Im neuen Theater­stück der Heinrich-Saga, Teil 4, mit dem Titel „Der Löwe heiratet“ wird die Ankunft der jungen Mathilde in Braun­schweig darge­stellt. Die erst achtzehn­jäh­rige Lena Ahrens spielt Mathildes Ankunft sehr überzeu­gend – man fühlt sich in die damalige Zeit versetzt und leidet mit der jungen Prinzessin. Eine Auffüh­rung des aktuellen Stückes gibt es am Sonntag, 17.Dezember, also am 3. Advent, im histo­ri­schen Maschi­nen­saal des Steigen­berger Parkho­tels in Braun­schweig. Karten sind in der Tourist­Info und im Hotel erhält­lich.

Mathilde Planta­genet kommt sowohl in der Literatur als auch in ihrer Wahrneh­mung viel zu kurz.

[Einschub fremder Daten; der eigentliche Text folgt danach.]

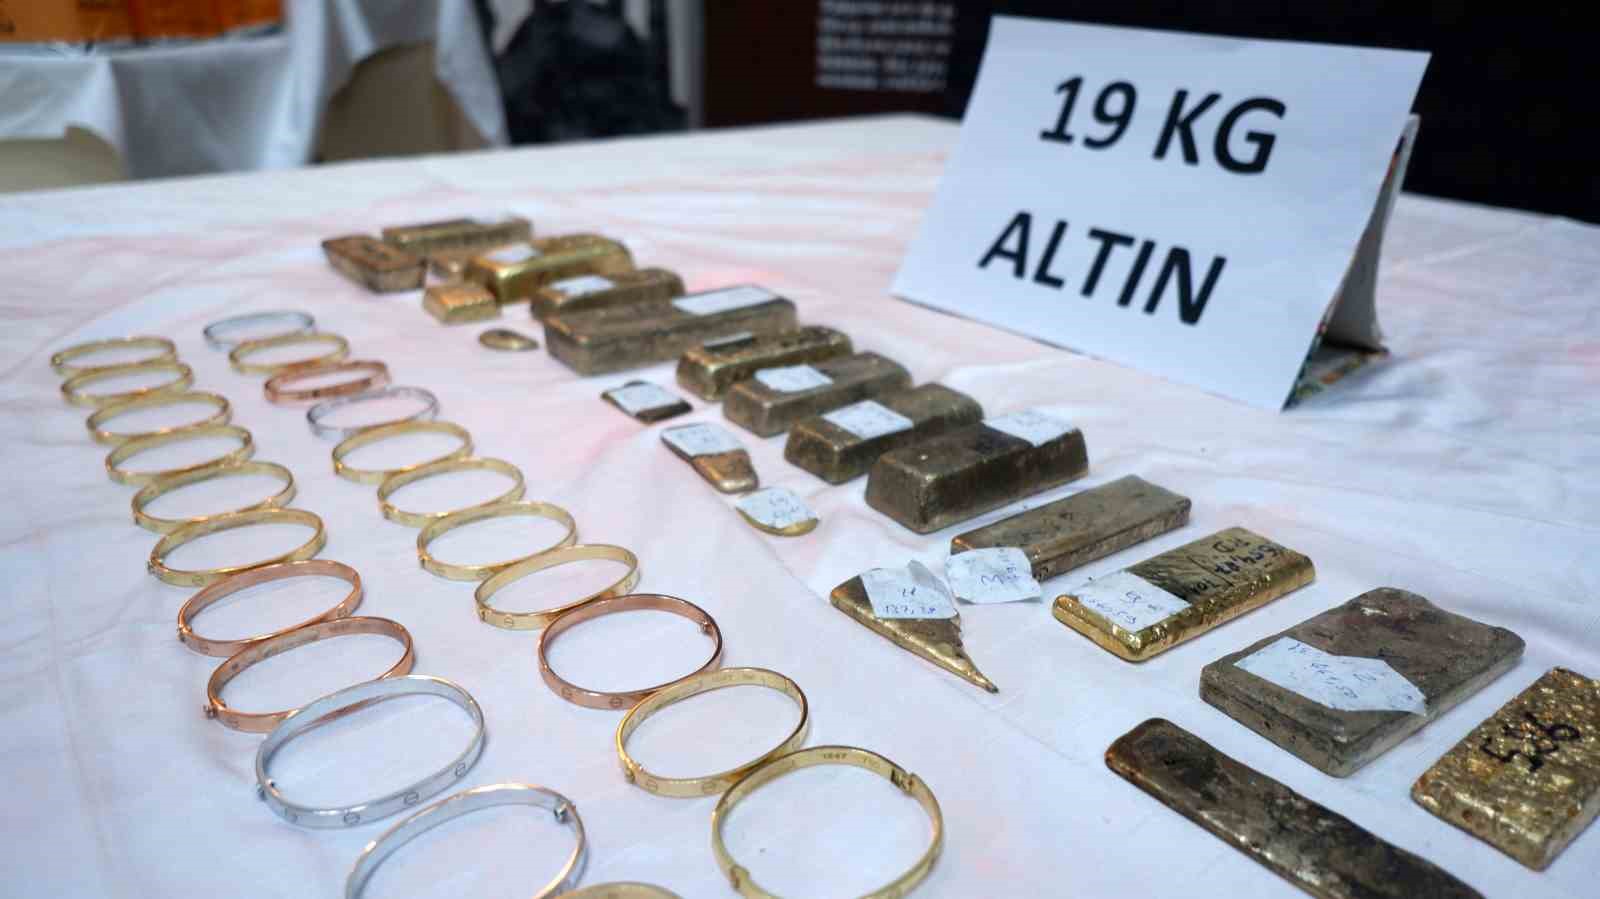 Altın kaçakçılarına darbe, 40 milyon lira değerinde altın ele geçirildi
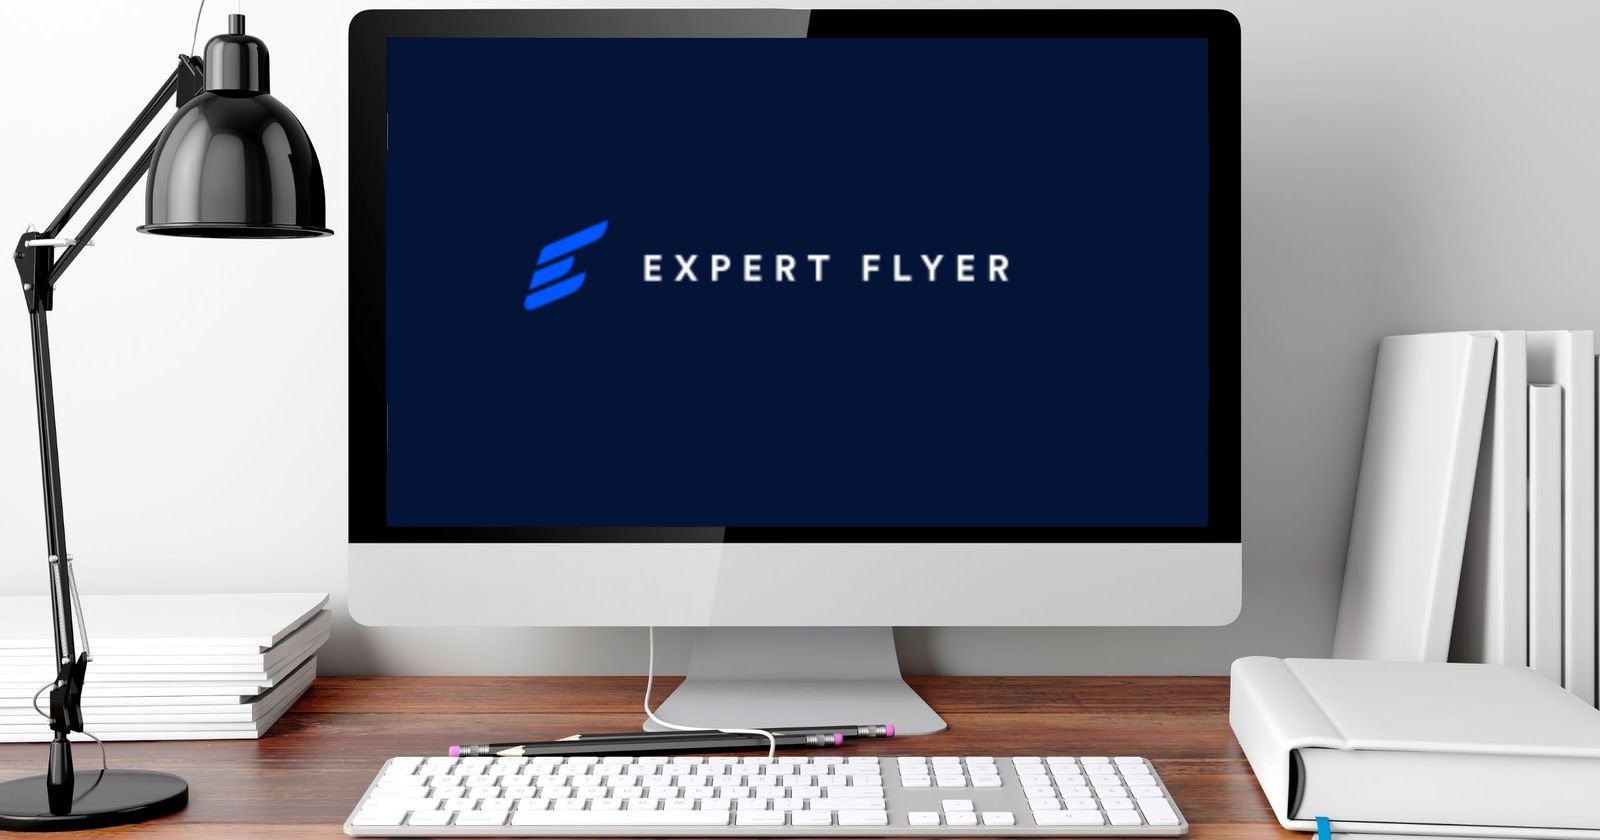 Expertflyer

Neben dem Bühnen­stück wird Mathilde hierzu­lande noch auch auf eine andere besondere Weise geehrt: Von sofort an  gibt es ein Bier mit dem Namen „Mathildes Hochzeits­bier“, das als Sonder­ab­fül­lung in der Tourist­Info und bei der Buchhand­lung Graff erhält­lich ist.